The Favourite’s period details are facetious. A ballroom scene of a remorseless Sarah, Vogue-dancing at a court ball, encourages both hipness and derision. Lanthimos and his screenwriters Deborah Davis and Tony McNamara enjoy depicting British history with contumely. Their Kubrickian coldness comes from haughtiness and contempt: Abigail is introduced in a scene of public lewdness then trips out of a carriage into manure; Anne’s midlife caricature features her bizarre mothering of pet rabbits; Sarah gets tricked into an abduction that leaves her hideously scarred yet still vengeful.
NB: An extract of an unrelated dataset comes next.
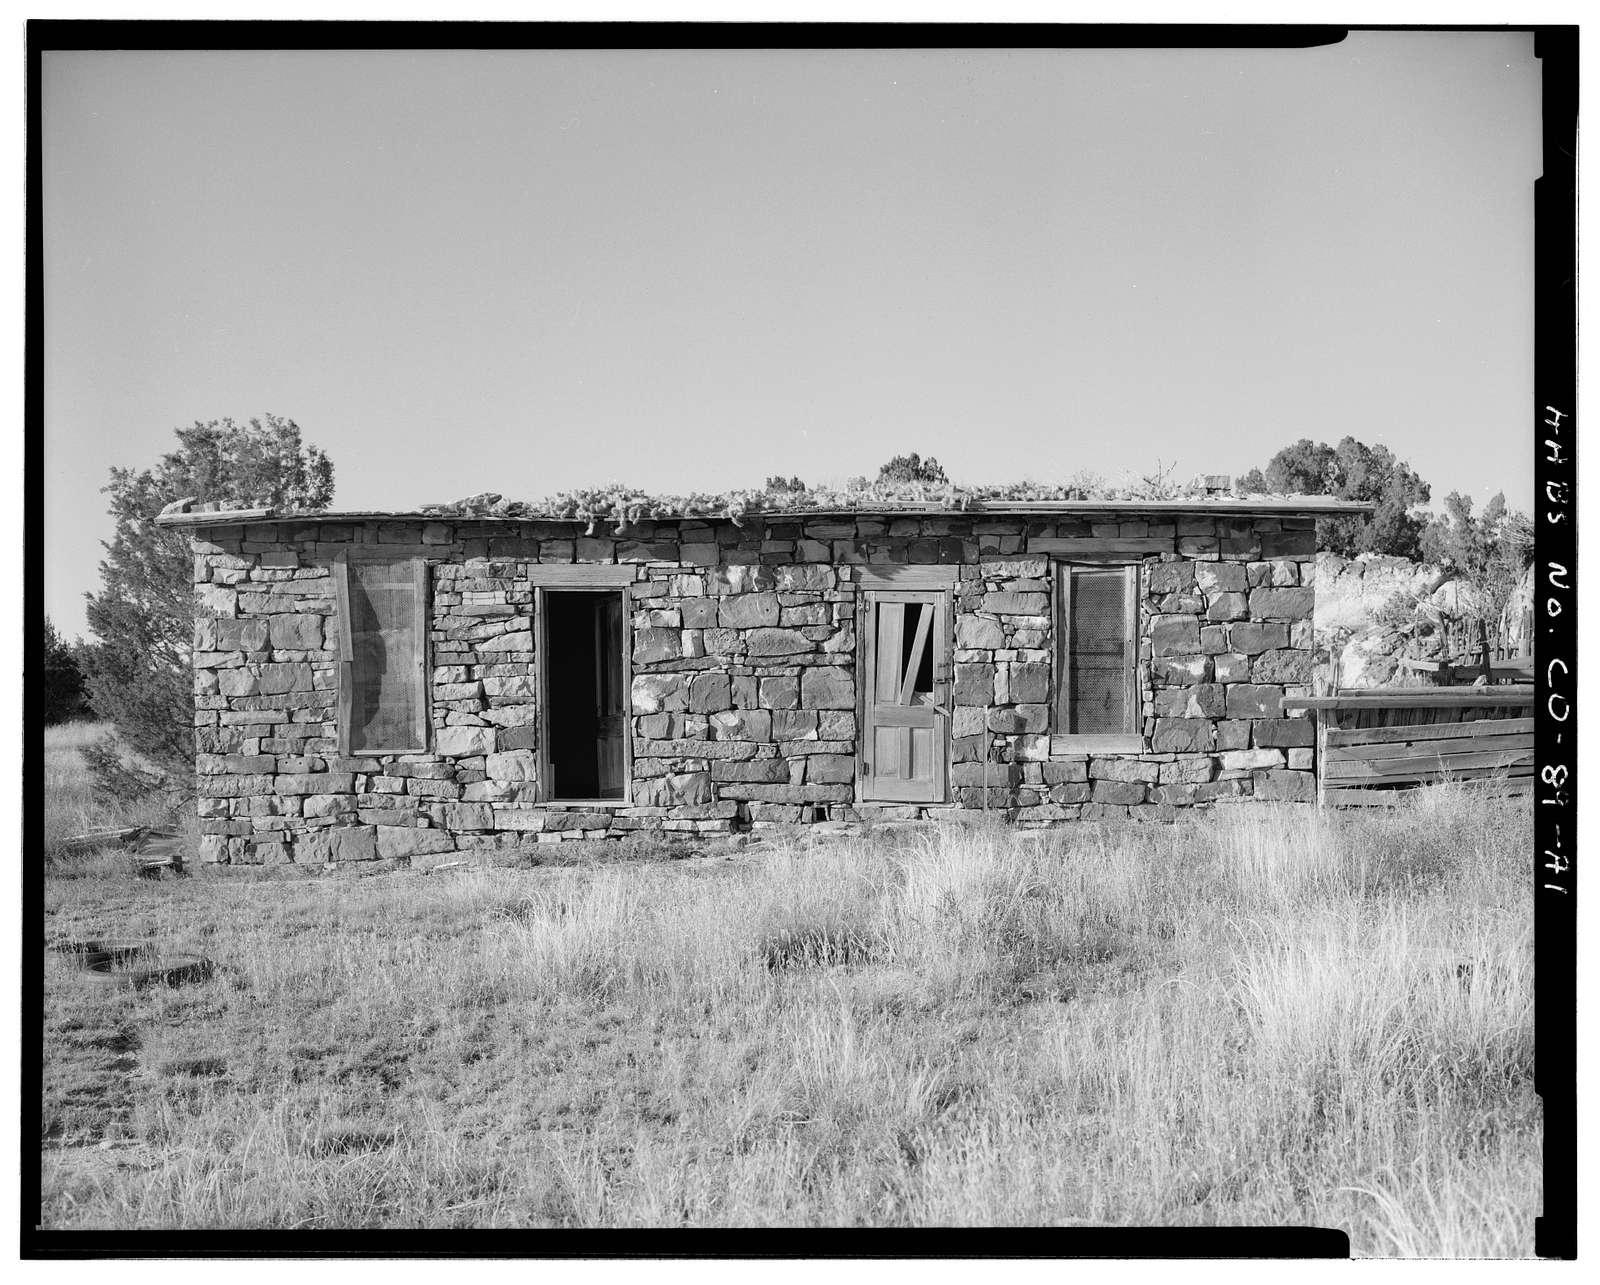 Adam & Bessie Arnet Homestead, Marguerite Arnet Residence, 560 feet northeast of Adam & Bessie Arnet Residence, Model, Las Animas County, CO

This sick parody of political ambition suggests a Vice Media version of a corrupted Merchant Ivory film — Anglophilia that is fascinated by the worst of British eccentricity. A reference to Jonathan Swift’s newspaper is rather inapposite for this kind of vulgar, inhumane satire; it’s conceived to lower political awareness and merely laugh at debauchery. The actresses’ show-off performances range from skilled to hostile to bratty, although Colman imitates a stroke victim’s pathos and bawdiness convincingly. Judi Dench might approve.

The Favourite is the opposite of a zany romp; it’s berserk Restoration farce (if anyone remembers what that is), and yet we’re meant to enjoy all the repellent skullduggery. Does gloating over comic sickness and melodramatic evil heal our current political and moral crises? Or is Lanthimos just an art-movie perv?